Tuesday, May 7, 2013

Part one: Interview with Eric Powell of Ratio Clothing

Editor's note — This is part of a continuing Pinstripes and Tweed series on custom clothing

The internet has revolutionized many things, including menswear, which is no longer limited to the off-the-rack offerings of stores or the expensive Savile Row-inspired tailors.

Today a growing number of entrepreneurs are taking advantage of the internet to offer the quality and customization of custom to gentlemen everywhere.

PHOTO courtesy of Ratio Clothing.

One of these savvy entrepreneurs-cum-21st century haberdashers is Eric Powell of Ratio Clothing, which sells high-quality, American-made custom shirts.

PinstripesandTweed.com recently sat down with Powell for an exclusive interview. The following are excerpts of that interview. Part two of the interview will be published later this week.

PinstripesandTweed.com: Who is Eric Powell? What do we need to know about you?

Eric Powell: Oh, where to start. Well, I’m a dad now. I have a 2-year-old girl and my wife is seven months pregnant with a boy on the way. So that has been a fun challenge starting a business and a family around the same time. I have a technology and entrepreneurship background. I’ve been programming since I was literally in kindergarten and was starting businesses in high school.
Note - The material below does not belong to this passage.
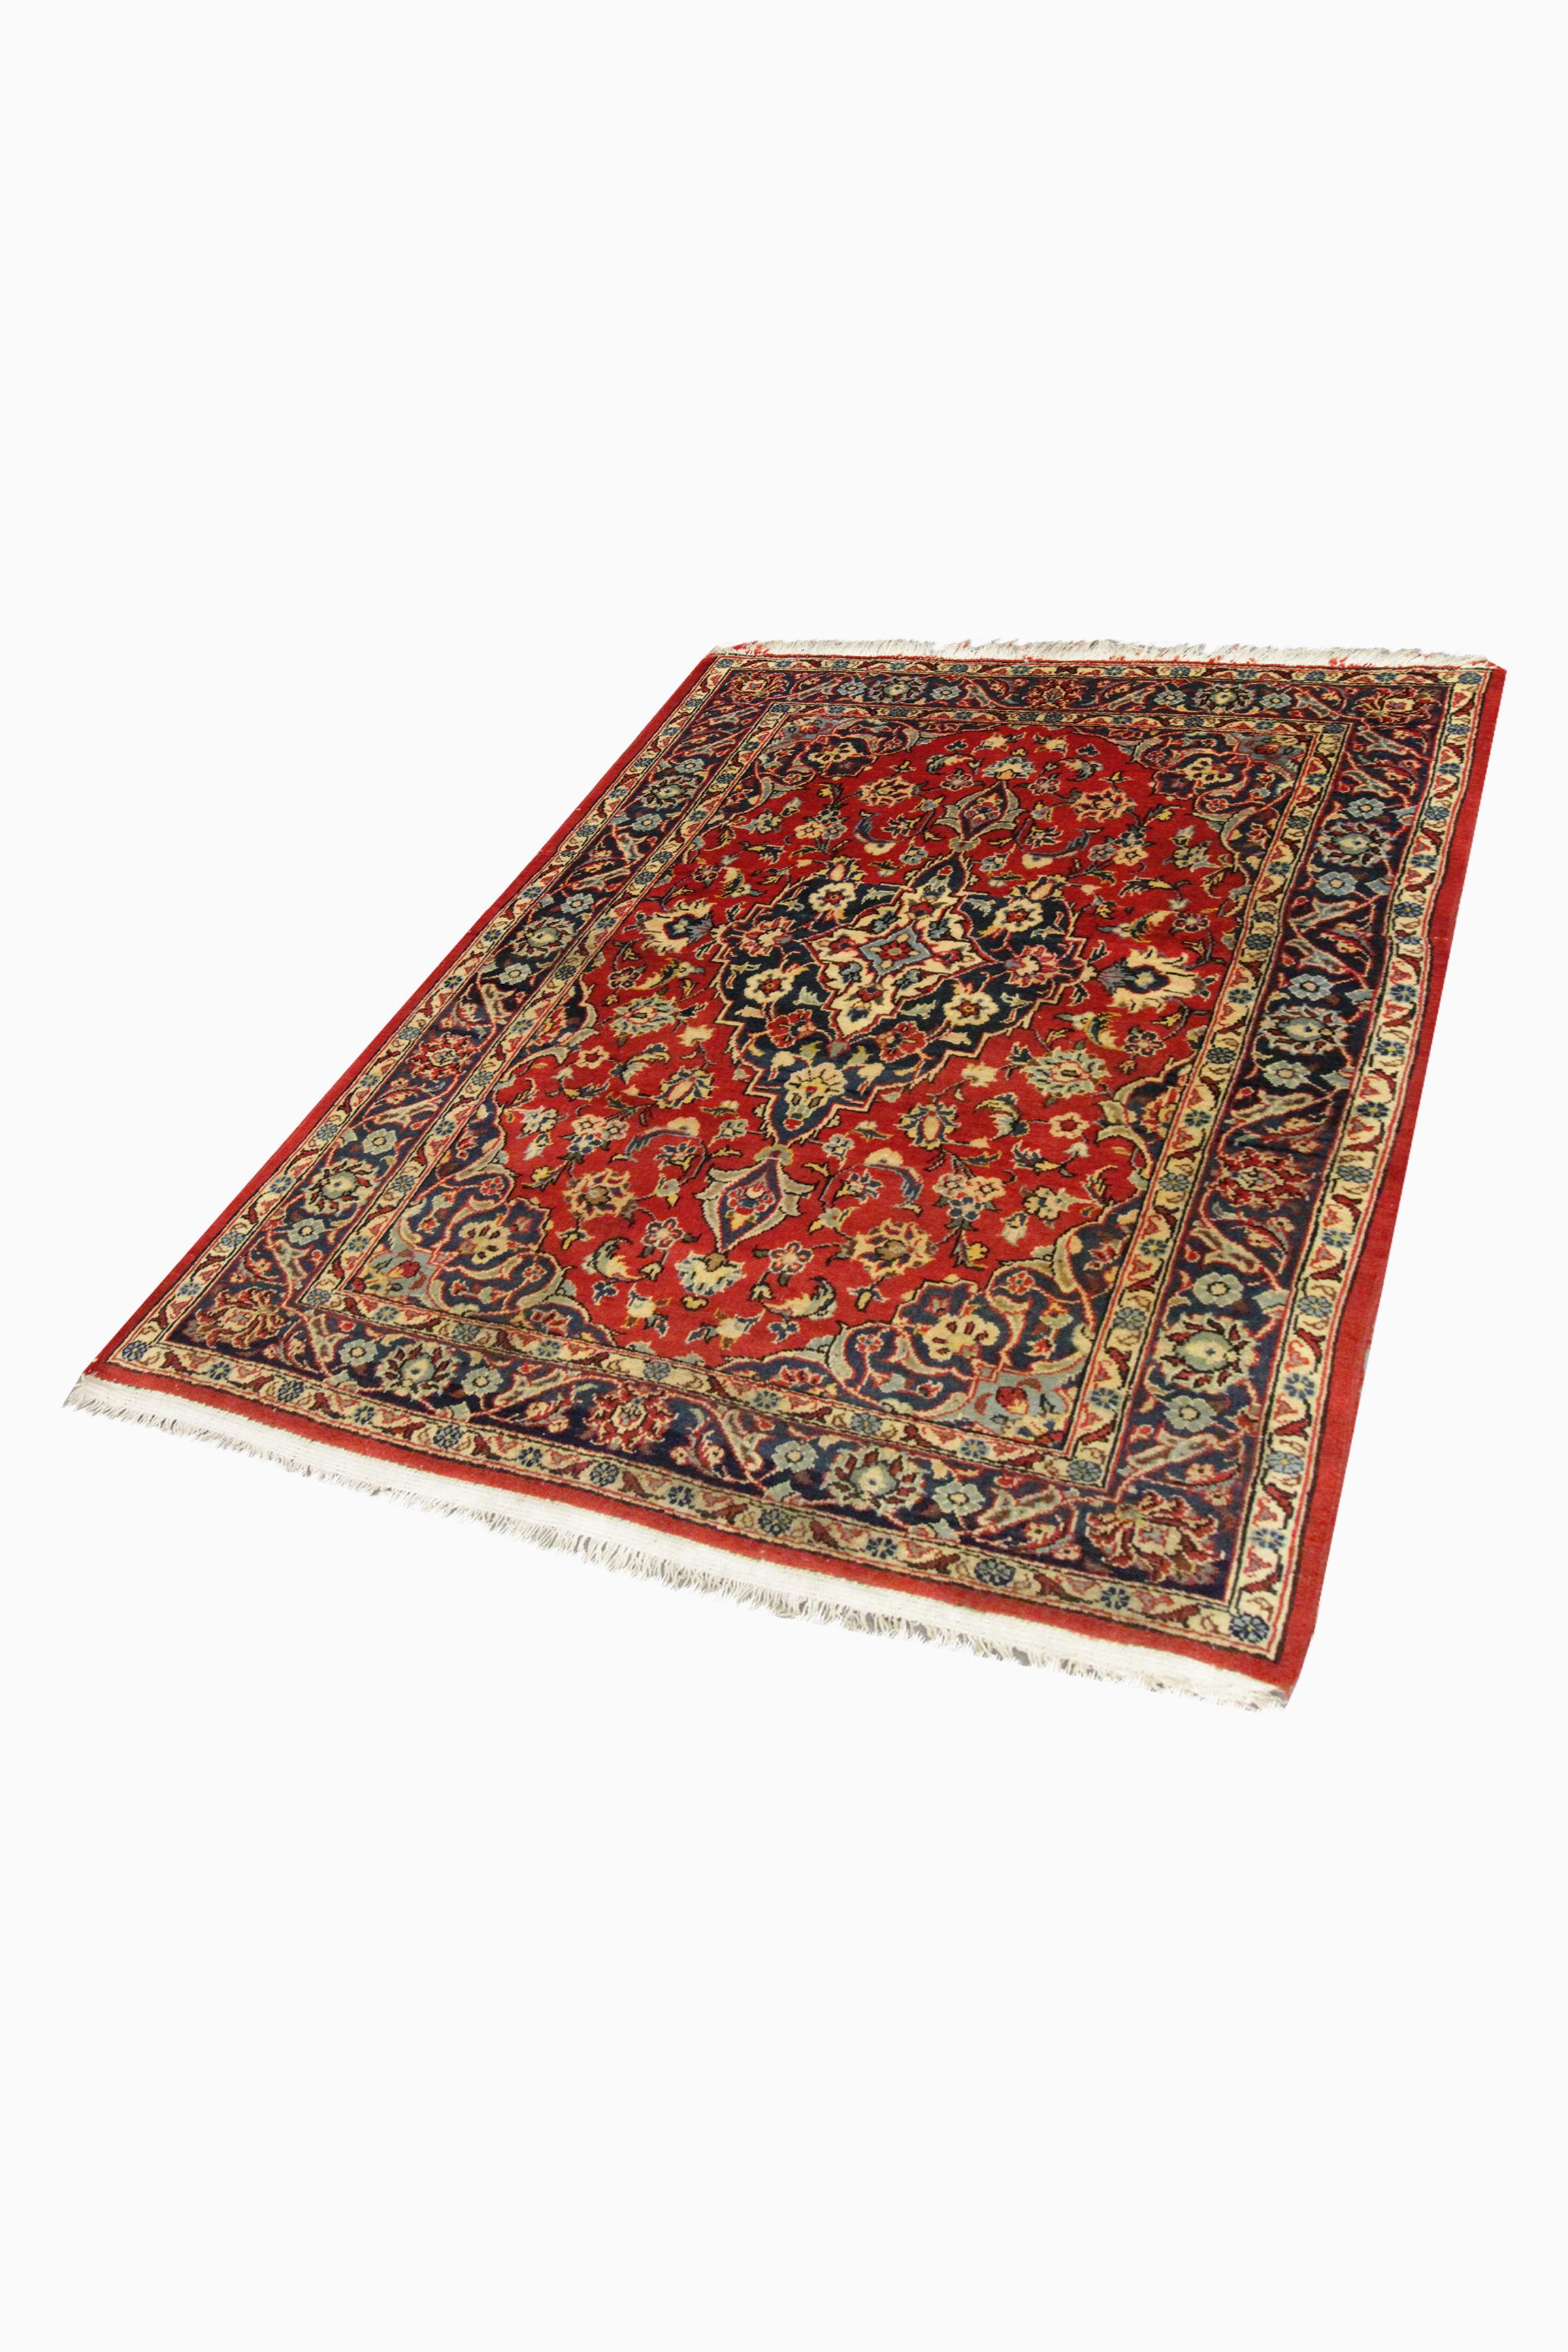 Dieser feine, handgewebte Teppich aus orientalischer Wolle ist ein fantastisches Beispiel für Vintage-Teppiche, die Mitte des 20. Das Muster wurde auf einem satten roten Hintergrund mit blauen, beigen, rostfarbenen und grünen Akzenten gewebt, die

Coincidentally, those businesses in high school helped fund my early menswear habit and I’ve just loved dressing well ever since.

I didn’t plan it this way, but Ratio is a really nice marriage of things that I’m interested in — technology and great clothes.

PinstripesandTweed.com: What made you get into shirtmaking?

Eric Powell:
I was just really frustrated with the options available at the time. I felt like the custom options available at the time were really split into two camps: very, very high-end and prohibitively expensive or the garden variety Asian tailor outfit, which in my experience resulted in some questionable quality, though I know there are plenty of exceptions.

The fit of custom was obviously crucial, but I wanted classically stylish clothes as well. A broken-in Oxford collar button-down shirt isn’t something people typically think of as a bespoke or made-to-measure item, but I wanted a custom version of that more than anything. 

PinstripesandTweed.com: What’s your typical day? I know you tele-commute from Denver, right?

Eric Powell: We have an office in Denver now, but we’re still a pretty lightweight company. I still handle all customer service, so I start my day by answering e-mail messages and talking to customers and reviewing orders that came in overnight. I love talking to customers because it gives me a good sense of what people are looking for and how we can be better as a company.

After that, it tends to vary, but I am usually either working with some of our team members on the next batch of product releases, talking to folks at the factory or making some sort of improvement to our website.

We have a company to-do list a mile long, so there is no shortage of work.

PinstripesandTweed.com: It’s interesting that your company is called Ratio Clothing; not Ratio Shirtmakers. Now that you’ve perfected the craft of shirtmaking, can we expect other made-to-measure clothing — perhaps chinos?

Eric Powell: Well, I still think we are in the pursuit of perfecting shirtmaking and we’ll always find ways to be better, but that is an astute observation. Since we’re a small bootstrapped company, it might be a little while, but our ultimate vision is that we’ll be able to outfit your entire closet with custom-made clothing. Head-to-toe, workdays and weekends. Chinos would definitely be part of that, though I can honestly say we have no specific plans at the moment.